After a stint at McKinsey & Co. and one in government, he was recruited to BlackRock by his former boss at the U.S. Treasury, Peter Fisher. He helped start BlackRock Solutions, the company’s institutional advisory group that went on to advise the U.S. and other governments around the world on toxic assets after the 2008 financial crisis.

Vanguard Headache

When Wiedman was named head of iShares, his biggest headache was Vanguard, the firm that had popularized index mutual funds and moved into ETFs in 2001. Vanguard is owned by its funds, allowing it to charge lower fees and attract individual investors.

In the year leading up to Wiedman’s iShares appointment, Vanguard’s ETFs took in $41.1 billion, almost double BlackRock’s $22.1 billion, off an asset base about one-third the size, according to data compiled by Bloomberg.

Wiedman responded in October 2012 with the iShares “core” series.

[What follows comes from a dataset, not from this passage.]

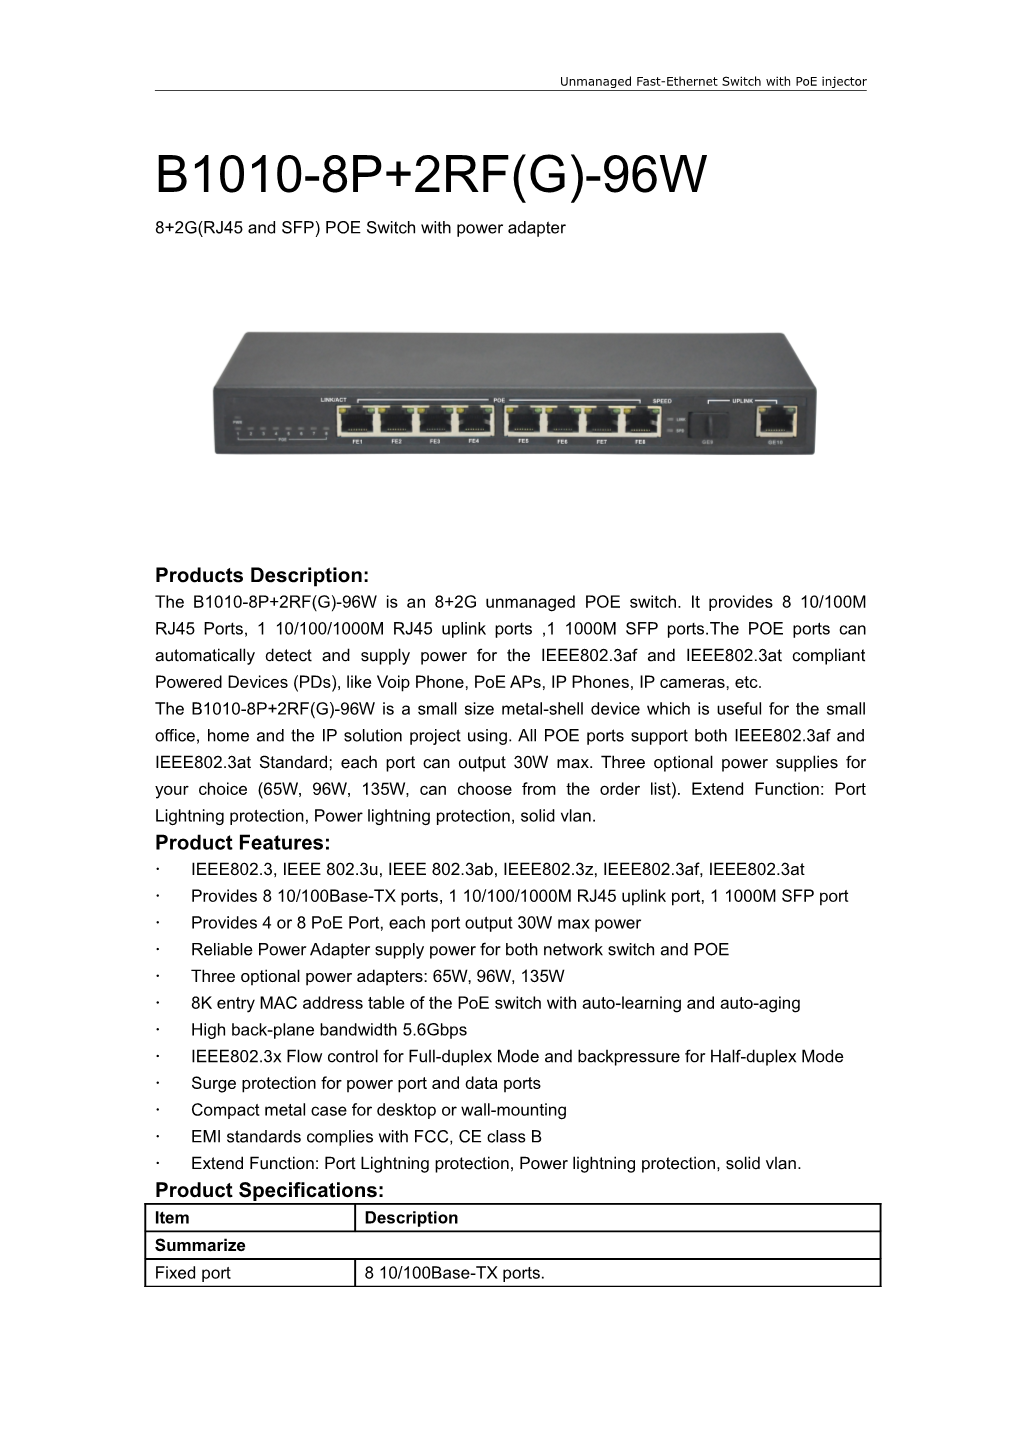 Unmanaged Fast-Ethernet Switch with Poe Injector

He cut the fees on six existing ETFs and added four new products that created a lineup of low-priced, broad market funds designed to appeal to buy-and-hold retail investors.

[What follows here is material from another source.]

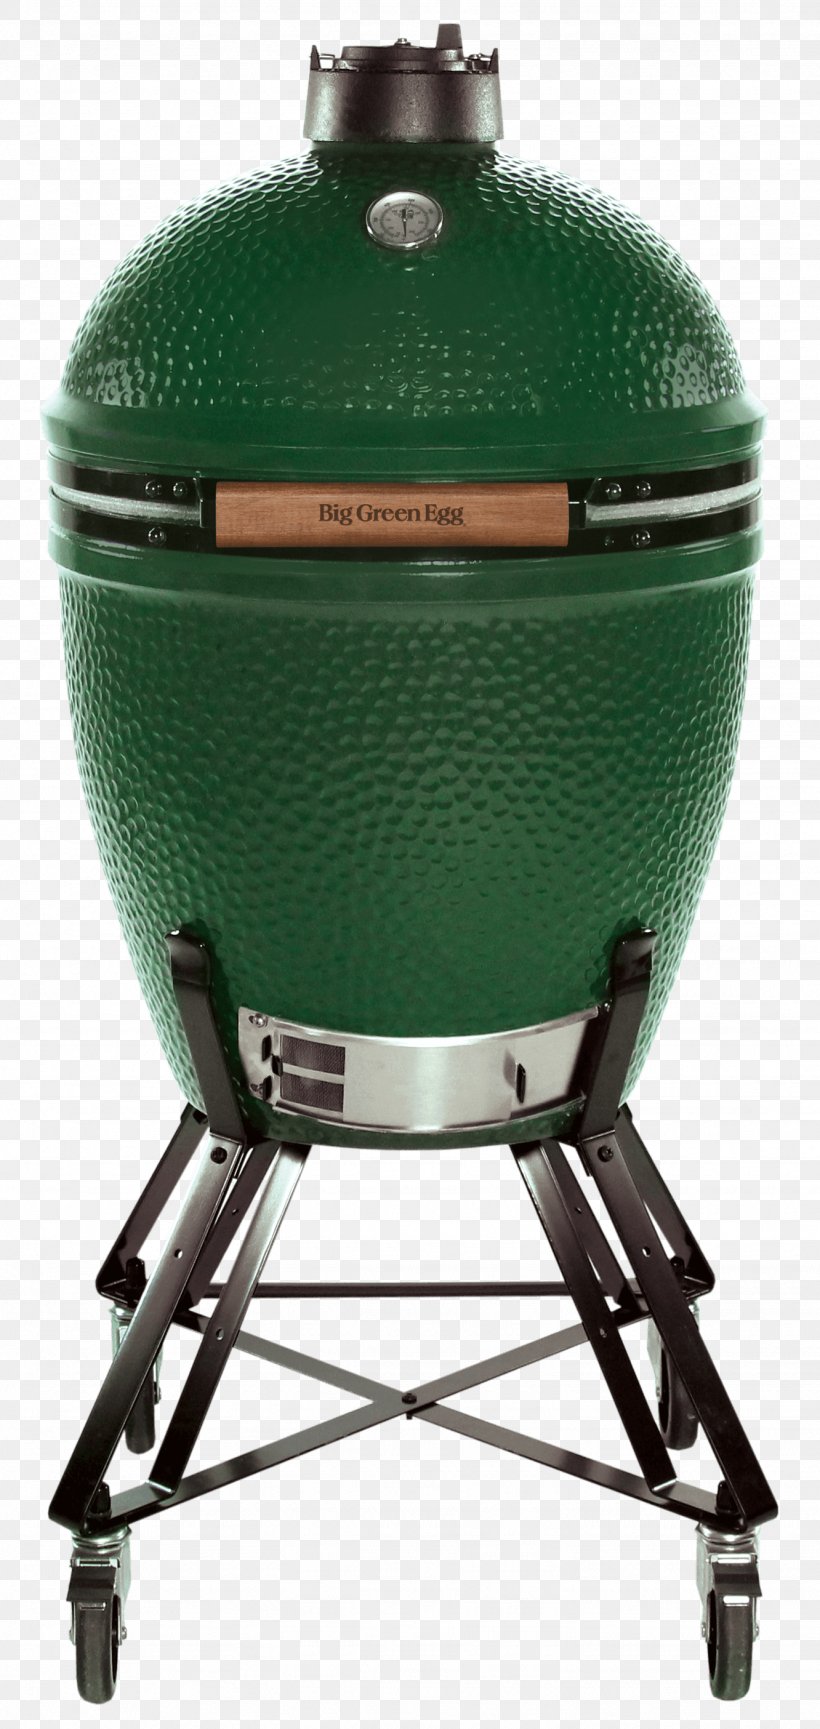 Barbecue Kamado Big Green Egg Large Grilling, PNG, 1332x2809px, Barbecue, Big Green Egg, Big Green Egg Large, Charcoal, Cooking Download Free

Wiedman also oversaw a significant expansion of the firm’s cooperation with Fidelity Investments, the Boston-based mutual fund giant that runs the biggest online brokerage with about 15 million client accounts. That gave BlackRock a significant distribution boost.

Reversing Dynamics

The efforts, Wiedman said, have “completely reversed the dynamics with Vanguard.”

Not quite. In the 12 months through May 31, Vanguard ETFs garnered $50.9 billion, compared with iShares’ $36.6 billion. BlackRock’s core series attracted $15.9 billion, compared with $17.5 billion for the 10 corresponding Vanguard offerings, according to data compiled by Bloomberg.

“The primary reason we launched those was to serve that core part of the market and maintain our market share,” he said. “Market share matters. We’re there in the clients’ minds.”